So the device _ue0_ is created, but until we pair we won't have connectivity. Go back to the directory where you compiled ipheth-pair and run it. If all goes well it'll just drop you back to prompt without error message, and the blue title "Internet Tethering" will start blinking below the status bar of your iPhone.

Just poll the device via DHCP and you're good to go.

`# dhclient ue0`

Note : for some reason, DHCP client does not push default gateway to my routing table and DNS server entry into resolv.conf. Default gw is the address you'll get your lease from (in my case 172.10.20.1), but the DNS server isn't, in my case it's 10.48.65.30 (note it's still private scope). I had to connect my phone to Windows machine to see what kind of address USB<->ETH adapter over there gets. 

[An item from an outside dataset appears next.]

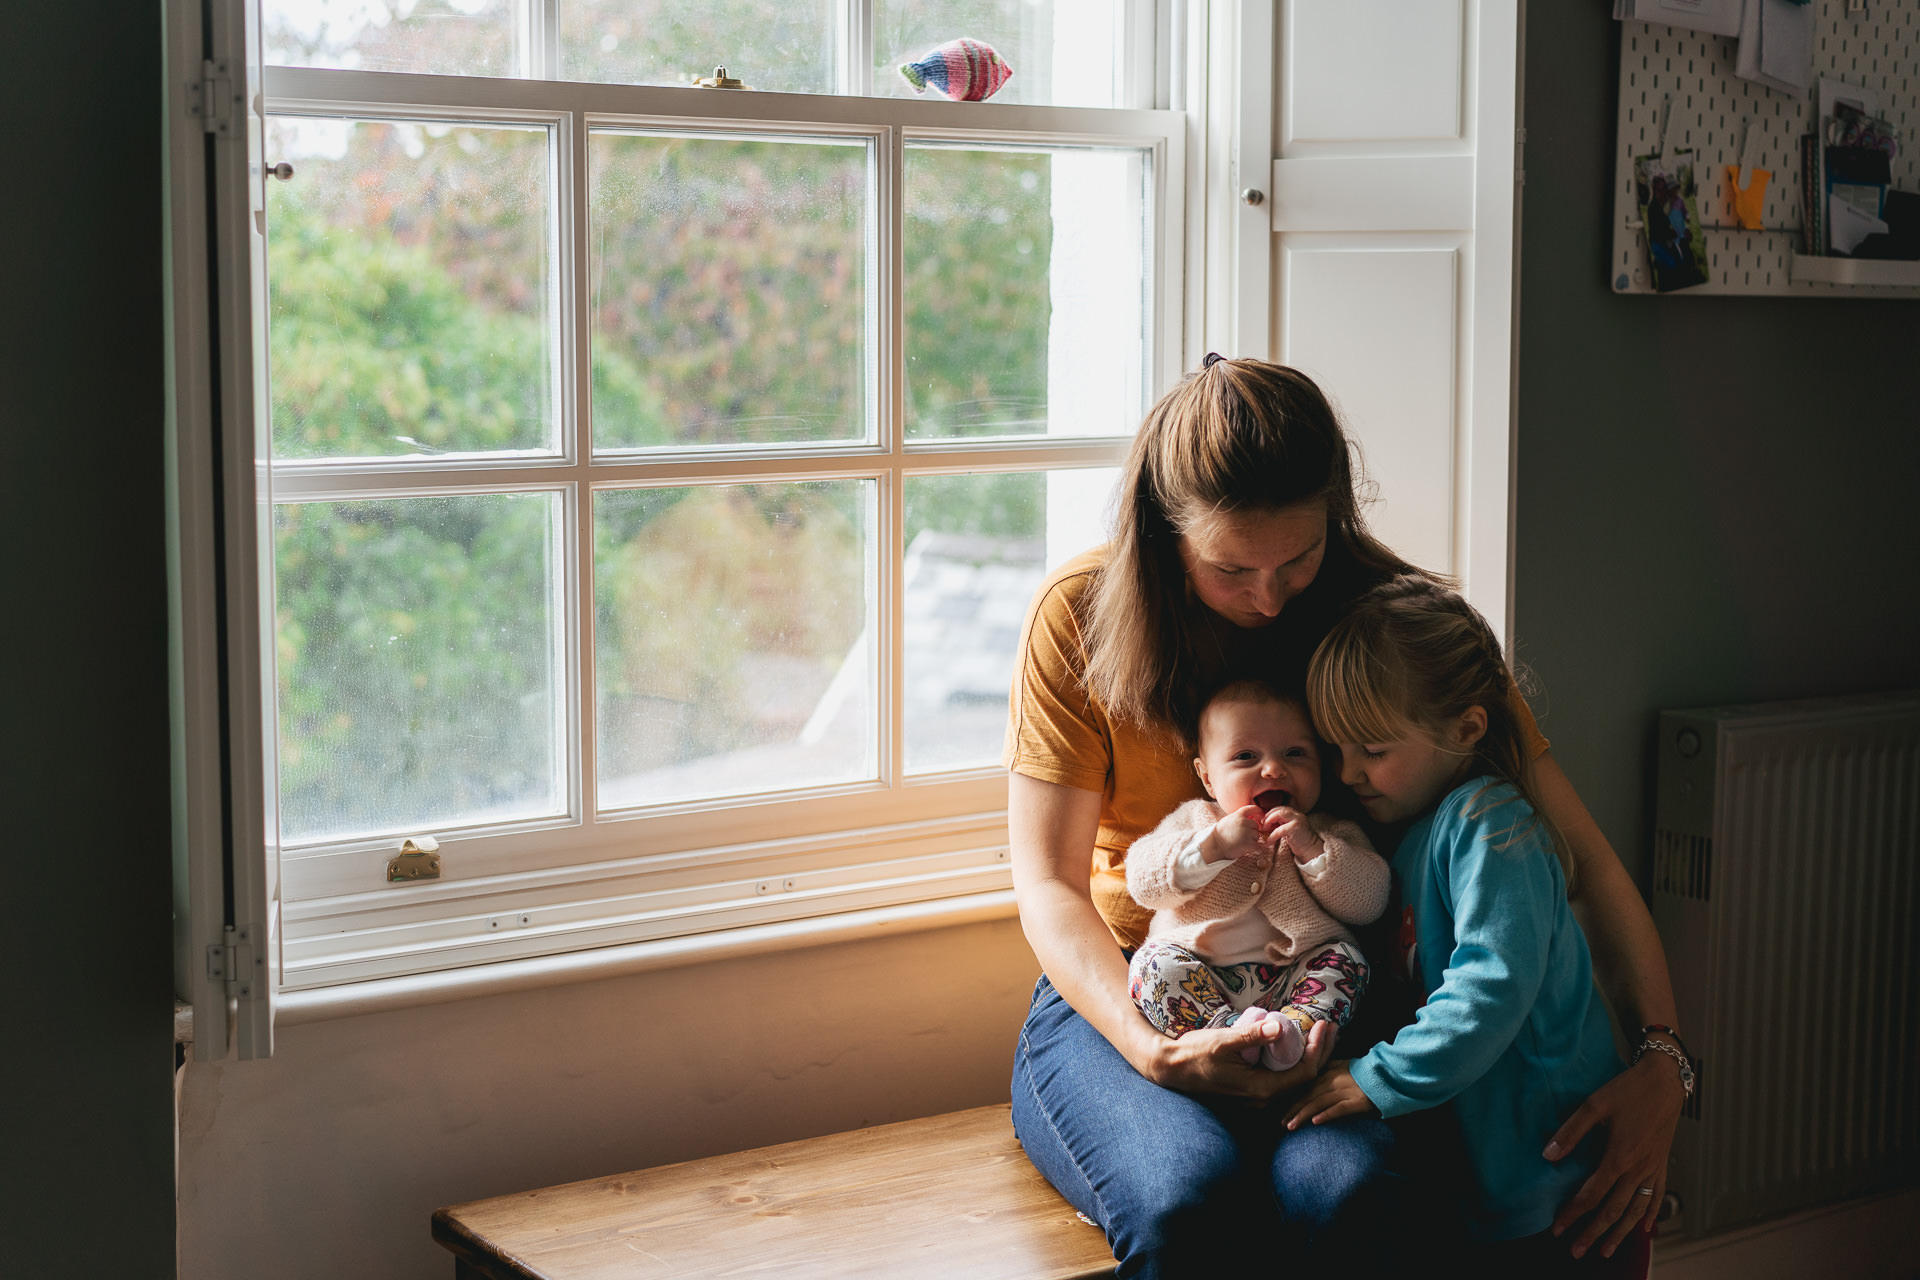 Exeter family photography: a mother with two young children sitting by a window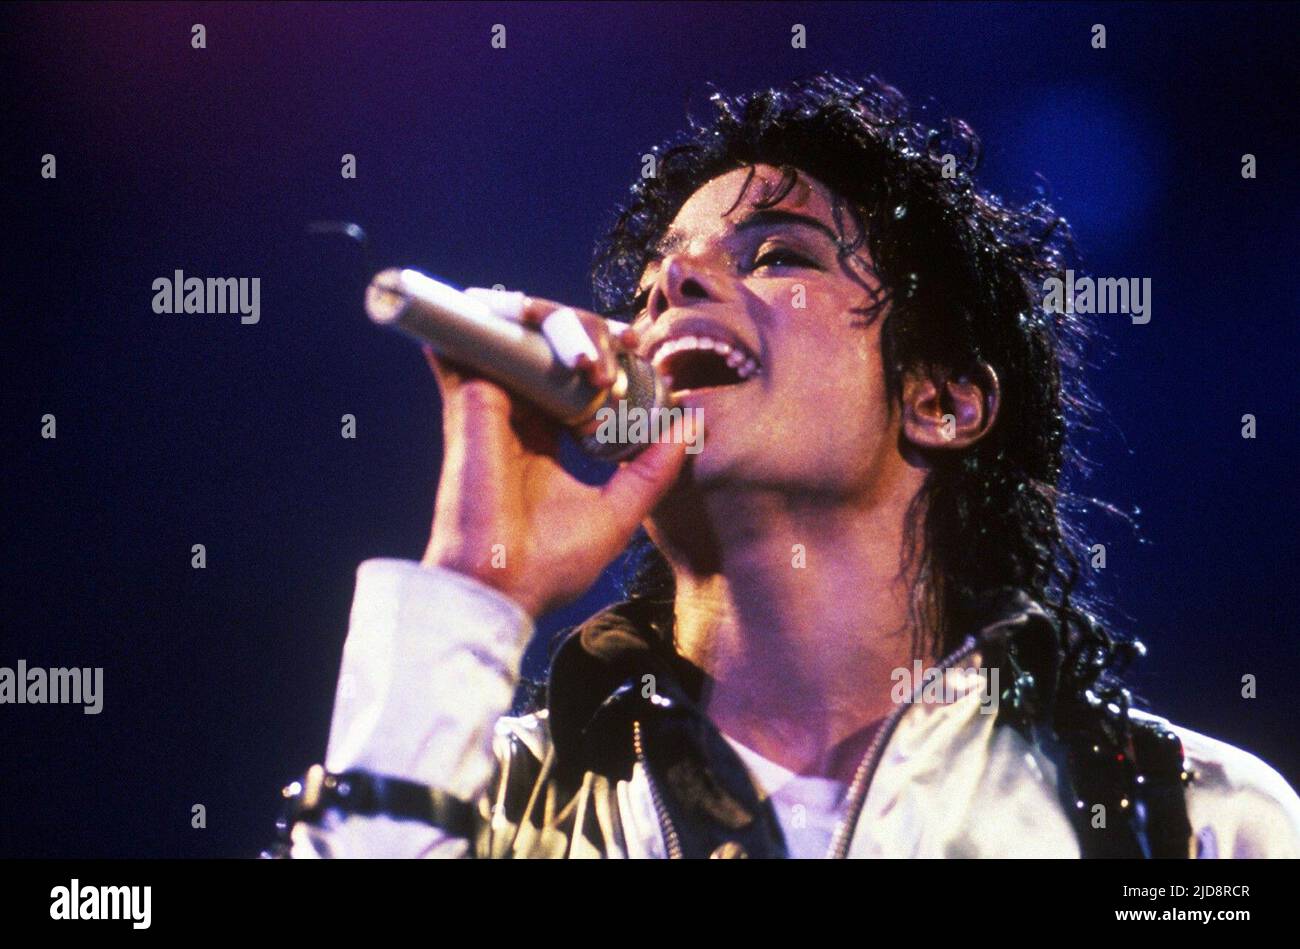 MICHAEL JACKSON, MICHAEL JACKSON: THE INSIDE STORY - WHAT KILLED THE KING OF POP?, 2010, Stock Photo

I haven't had time to check stability of this mechanism.


----------



## vermaden (Dec 9, 2010)

Does it work for ANY iPhone, or only for older ones, or only for lates ones?
Does it work for hacked/jailbroken iPhones?


----------



## Zare (Dec 9, 2010)

I have iPhone 3GS. It should work with 3G and 4 also. And author of _ipheth_ driver says it should work on 2G's with some patches. Since this mechanism is using Apple's protocol (you have same functionality in Windows or OSX), your phone doesn't have to be jailbroken.

I'm sorry, you asked does it work for jailbroken phones? Yes it does, my phone is jailbroken. Because jailed iPhone is really a dumb brick. 

Keep in mind that jailbreaking doesn't modify system software, which recent cases against Apple proved. On the other hand, unlocking modifies system baseband code and i'm not sure would it work. There's no sane reason why it shouldn't but my phone isn't unlocked so i can't be 100% sure.


----------